▸ **Problem to solve**: Reproduce the lines below exactly. Skip images.

▸ **Information provided**:
——————

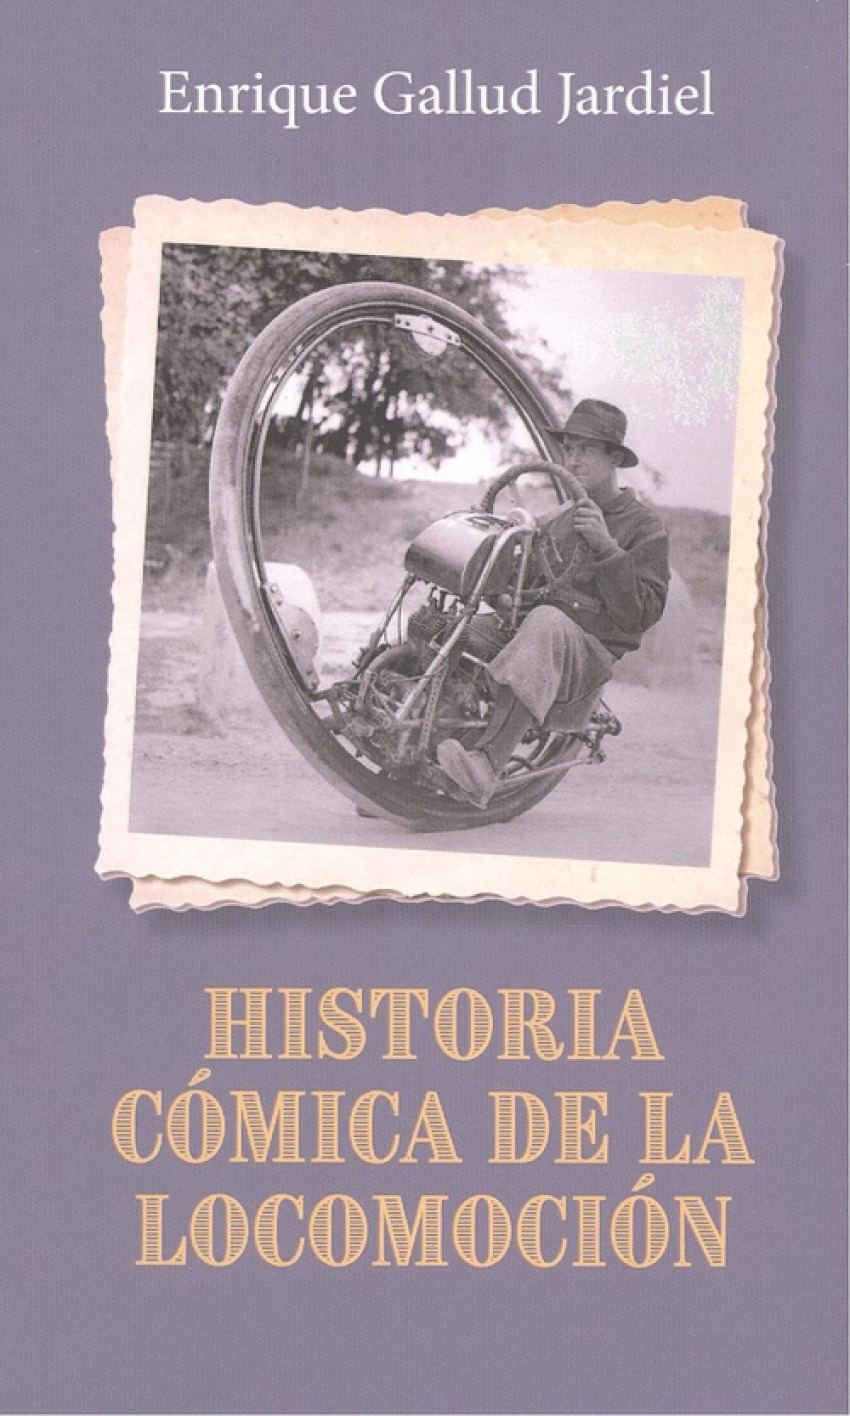 HISTORIA COMICA DE LA LOCOMOCION
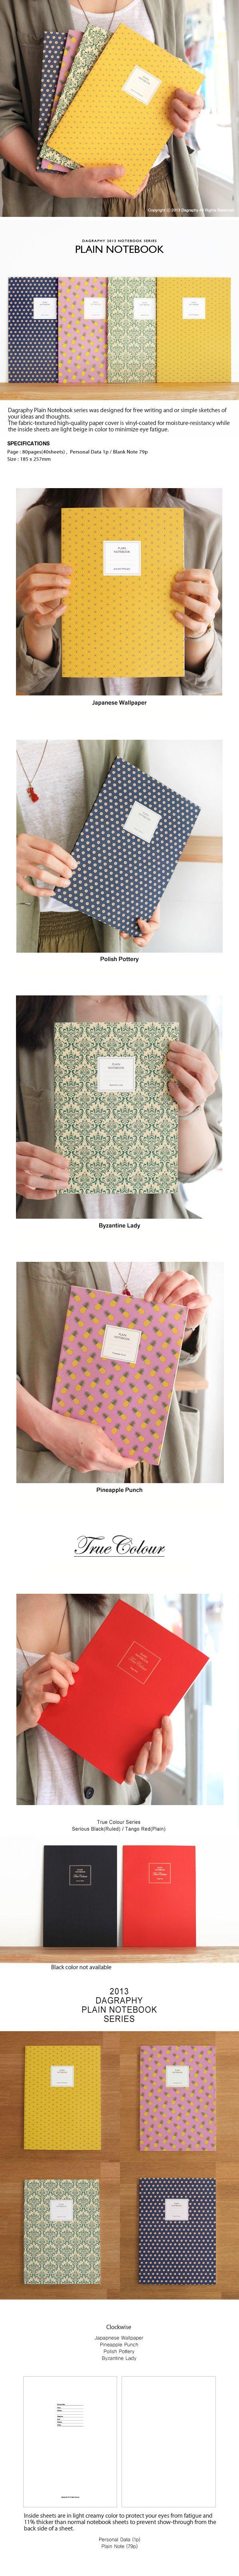 Dagraphy Plain Notebook Series - Product Description.
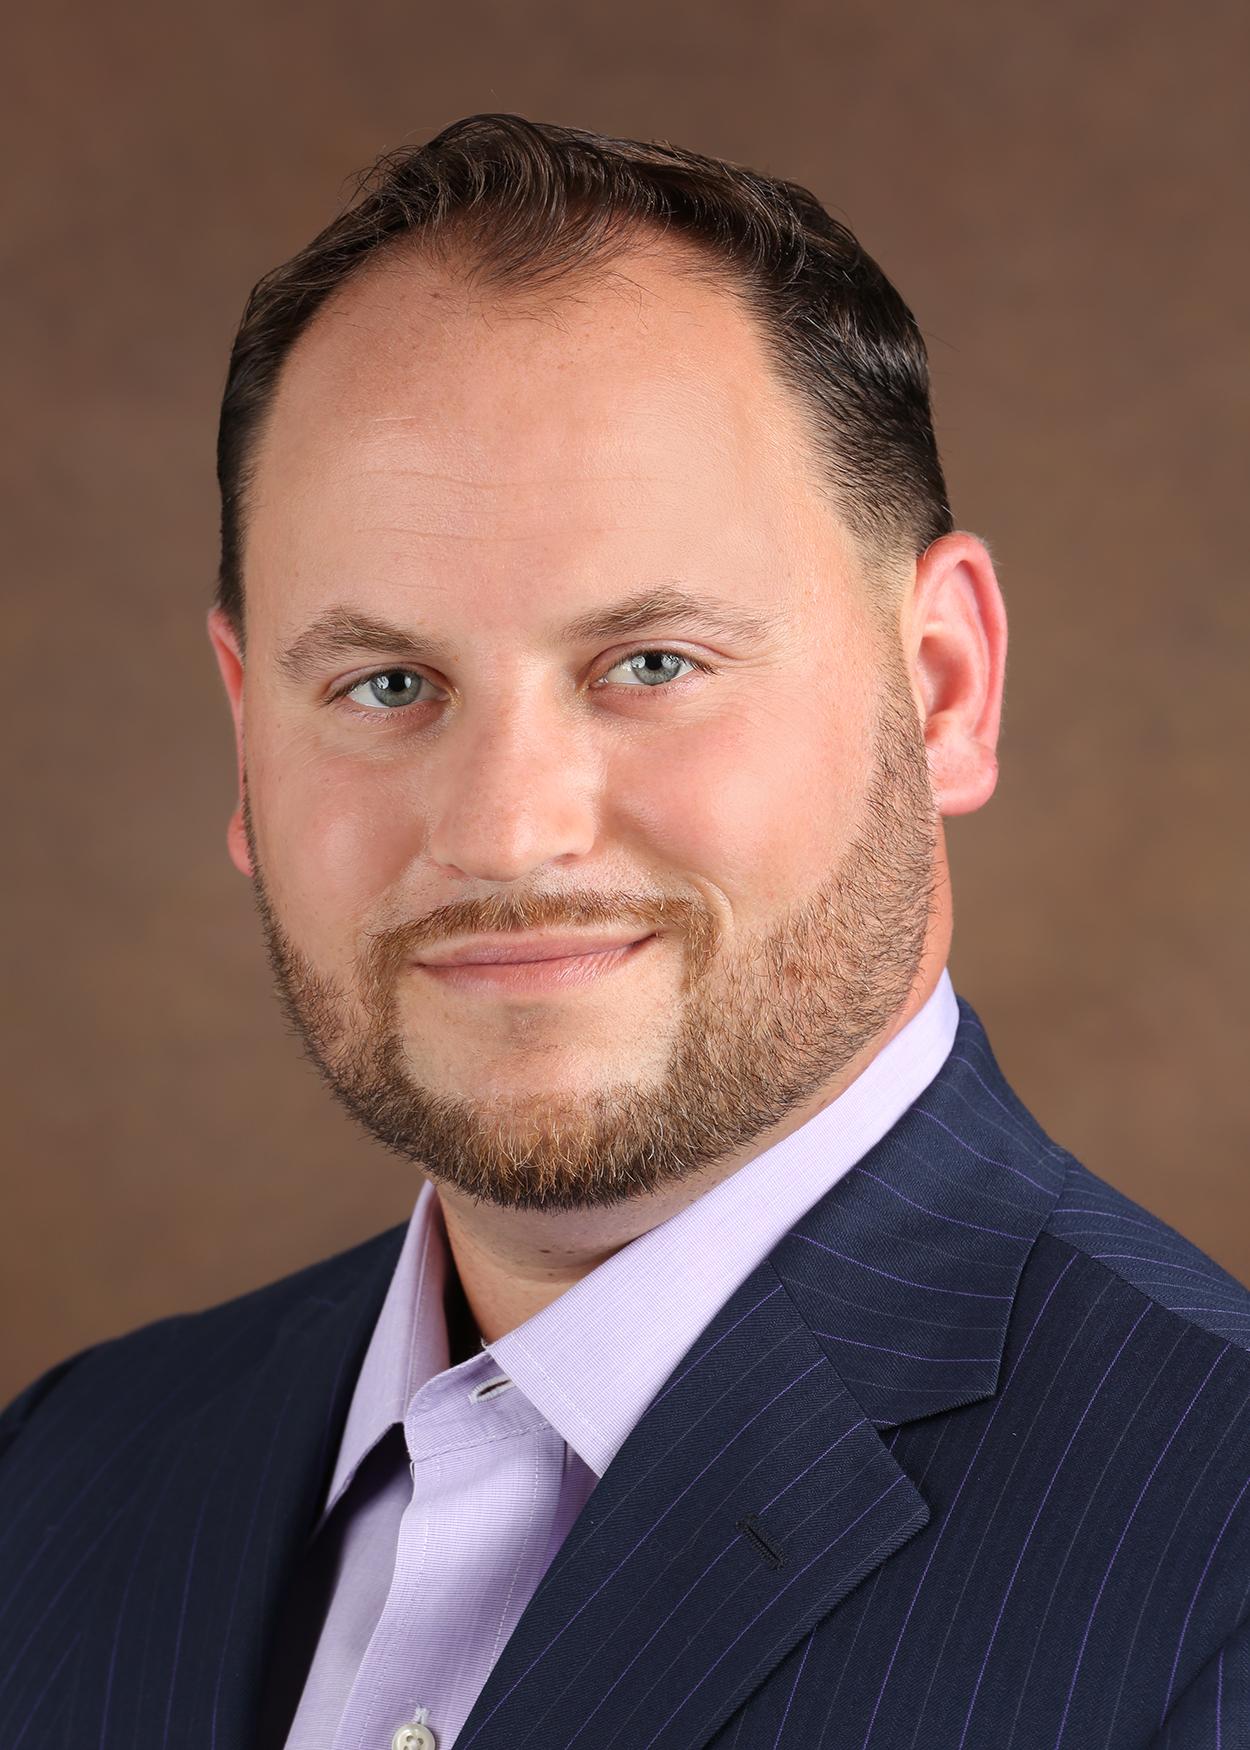 Realtor John Totin of The Totin Group, Keller Williams Legacy, San Antonio TX (210) 872-8888

——————

▸ **Exercise answer**:
 HISTORIA COMICA DE LA LOCOMOCION
 Dagraphy Plain Notebook Series - Product Description.
 Realtor John Totin of The Totin Group, Keller Williams Legacy, San Antonio TX (210) 872-8888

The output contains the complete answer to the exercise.